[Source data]
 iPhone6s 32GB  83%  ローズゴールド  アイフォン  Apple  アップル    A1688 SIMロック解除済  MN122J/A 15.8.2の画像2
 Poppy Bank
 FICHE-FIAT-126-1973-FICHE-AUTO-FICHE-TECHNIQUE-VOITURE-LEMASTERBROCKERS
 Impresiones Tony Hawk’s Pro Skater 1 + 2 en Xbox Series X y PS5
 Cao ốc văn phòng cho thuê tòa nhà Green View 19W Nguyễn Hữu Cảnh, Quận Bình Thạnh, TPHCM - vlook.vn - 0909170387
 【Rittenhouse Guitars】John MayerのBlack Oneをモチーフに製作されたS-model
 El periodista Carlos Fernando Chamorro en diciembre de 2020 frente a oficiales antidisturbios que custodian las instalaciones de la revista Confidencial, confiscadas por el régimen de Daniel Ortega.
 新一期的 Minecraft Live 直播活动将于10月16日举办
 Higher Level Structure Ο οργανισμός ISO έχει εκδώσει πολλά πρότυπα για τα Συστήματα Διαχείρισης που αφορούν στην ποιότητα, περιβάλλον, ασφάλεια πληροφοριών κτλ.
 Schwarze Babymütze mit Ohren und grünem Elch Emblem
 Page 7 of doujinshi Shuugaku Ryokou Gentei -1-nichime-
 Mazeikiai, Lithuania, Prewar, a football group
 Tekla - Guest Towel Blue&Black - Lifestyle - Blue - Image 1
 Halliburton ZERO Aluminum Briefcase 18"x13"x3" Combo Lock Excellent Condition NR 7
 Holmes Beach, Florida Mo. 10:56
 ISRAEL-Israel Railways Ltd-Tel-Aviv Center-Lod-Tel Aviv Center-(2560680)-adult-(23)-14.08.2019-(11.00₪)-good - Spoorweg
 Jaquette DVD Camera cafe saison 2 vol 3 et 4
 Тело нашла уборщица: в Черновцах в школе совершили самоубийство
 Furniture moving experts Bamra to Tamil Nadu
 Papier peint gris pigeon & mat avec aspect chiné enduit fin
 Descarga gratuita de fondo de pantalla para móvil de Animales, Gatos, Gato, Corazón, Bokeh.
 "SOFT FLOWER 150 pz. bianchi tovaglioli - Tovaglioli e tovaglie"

◆ **Brief**: Return exactly the run of lines that opens with the one containing "Jaquette DVD Camera cafe saison 2 vol 3 et 4" and closes with the last line of the records above.

◆ **Problem solution**:
 Jaquette DVD Camera cafe saison 2 vol 3 et 4
 Тело нашла уборщица: в Черновцах в школе совершили самоубийство
 Furniture moving experts Bamra to Tamil Nadu
 Papier peint gris pigeon & mat avec aspect chiné enduit fin
 Descarga gratuita de fondo de pantalla para móvil de Animales, Gatos, Gato, Corazón, Bokeh.
 "SOFT FLOWER 150 pz. bianchi tovaglioli - Tovaglioli e tovaglie"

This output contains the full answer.